The dream of having an Indian Institute of Technology and an Indian Institute of Management in the same city has been shattered for the time being. The environment ministry has rejected a proposal for setting up an IIT in Indore, which already has an IIM.

The Madhya Pradesh government had sought permission of the environment ministry's Forest Advisory Committee (FAC) for diverting 80 hectares of forestland to set up an IIT, which the HRD ministry sanctioned to the state in the 11th five-year plan.

Diversion of any forestland needs government's permission under the Forest Conservation Act, except one hectare of forestland for construction of buildings of public importance such as schools, hospitals, dispensaries and community halls.

The FAC rejected the proposal saying that diverting so much of forestland will damage the ecological balance in and around the city of Indore, the only city in India which could had the distinction of having both IIT and IIM.

"The proposal of the state government of Madhya Pradesh to diver forest land located in vicinity of an important city for setting up of a non specific project, such as IIT, without undertaking a detailed exercise to examine all feasible alternatives, may be rejected," the committee said, in its report submitted to environment minister Jairam Ramesh.

Agreeing to the proposal would have meant cutting down of 7,164 trees with a good density of 89.55 trees per hectare. "There is very less good forestland around Indore.

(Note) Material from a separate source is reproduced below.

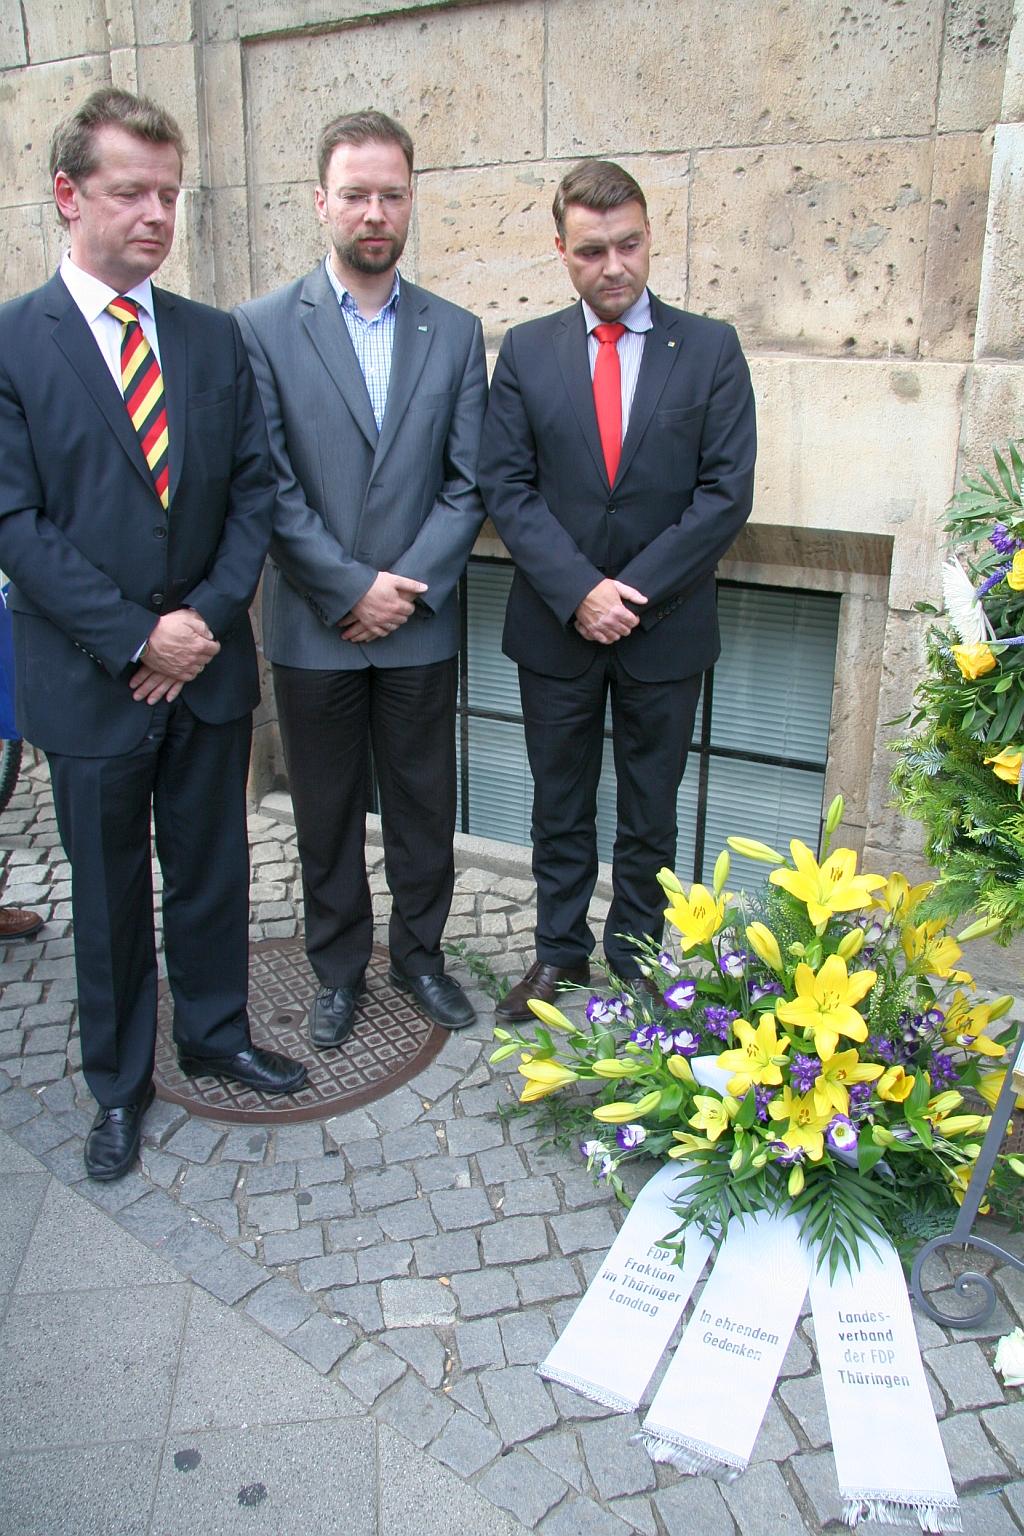 Landesvorstand legt Kranz in Jena nieder

This is a reserved forest of good quality," said a ministry official.

The worse was that the committee found the land in Hasalpur village indicated in the proposal for compensatory afforestation was not suitable to raise plantation. And, no alterative land for afforestation was mentioned in the proposal.

The FAC, however, gave some relief to urban development minister Kamal Nath as it approved an up-gradation of a national highway in his parliamentary constituency. For this, 48 hectares of forestland will have to be diverted between Amarwada and Narsinghpur.

Environment minister Jairam Ramesh was accused of blocking highway projects falling in Nath's constituency, when he was road transport minister. This is the first major project getting FAC approval after Nath was appointed as urban development minister.

The FAC also had some good news for Mayawati as it approved diversion of forestland for construction of eight-lane expressway on Upper Ganga Canal in five districts of Uttar Pradesh despite an adverse report by its regional office in Lucknow. Already, people have protested for acquisition of their land for the project in Ghaziabad.